Barclays Africa cut its 2016 GDP growth forecast for South Africa to 0.9 percent from 1.4 percent on Monday, while Bank of America Merrill Lynch slashed its projection by a full percentage point to 0.4 percent last week.

Finance Minister Pravin Gordhan is expected to present new growth forecasts in his February 24 Budget speech.

Nedbank economist Isaac Matshego said the IMF’s sharp revision of South Africa’s growth to below 1 percent was not unexpected, when considering the less favourable macroeconomic environment, both globally and on the local front.

He said the renewed weakness of commodity prices and drought conditions in key farming areas would hurt mining and agricultural output, while manufacturing output growth would be hurt by close links to the primary sectors.

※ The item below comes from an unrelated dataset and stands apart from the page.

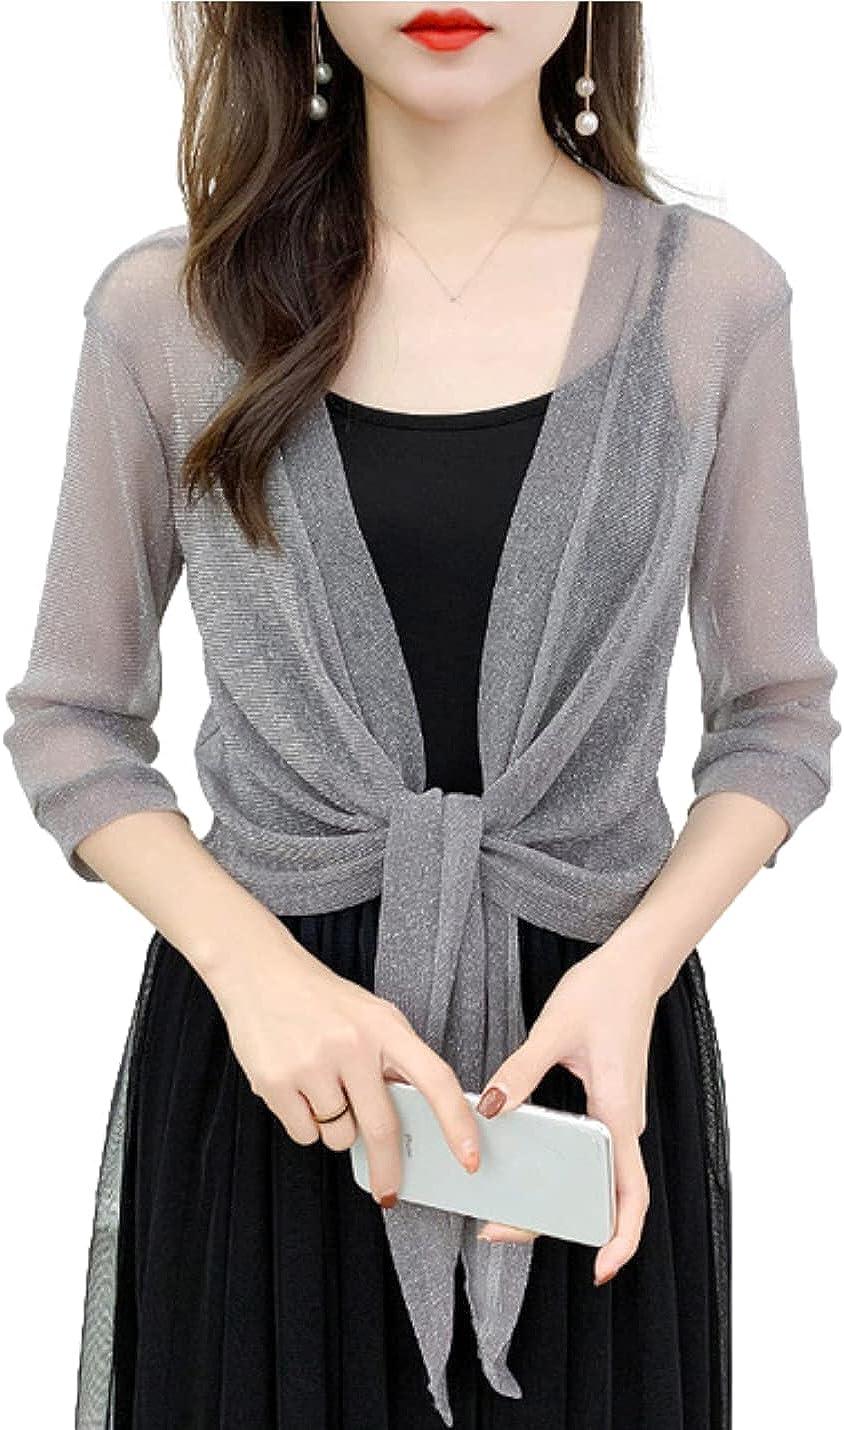 Bnigung Women's Lace Cardigan 3/4 Sleeve Shrug Tie Front Sheer Bolero Crop Cardigans

“We have revised our 2015 growth forecast to only 0.2 percent, with risks still to the downside. Wage negotiations in the mining sector and some manufacturing industries will be closely watched. Any wage dispute-related work stoppages could easily tip the economy into recession.”

Colen Garrow, an economist at Lefika Securities, said it should come as little surprise that the IMF had cut this year’s estimate for GDP growth.

“Although it has not explicitly stated the reasons for doing so, evidence continues to grow of the many challenges facing the local economy.”

He said these ranged from the drought, a strong dollar’s effect on commodity markets to slower growth in China.

Rate threat

Garrow said another factor likely to subtract from South African GDP was the rising trend in interest rates, already 125 basis points higher since January 2014, with the prospect of further tightening to come as the Reserve Bank grapples with rising food prices.

“With the fiscal slippage concerning major credit rating agencies, and the possibility growing that a downgrade to a non-investment grade has a better than even chance of happening this year, it is little surprise that GDP estimates are being trimmed.

“There is a growing expectation… that South African GDP growth may remain subdued, if not begin reflecting a state of recession.”

David Maynier, the DA spokesman on finance, said the IMF’s forecast was a full percentage point lower than that by the Treasury for 2016.

He said the fact that the IMF had revised South Africa’s growth rate was partly due to a failure of economic policy.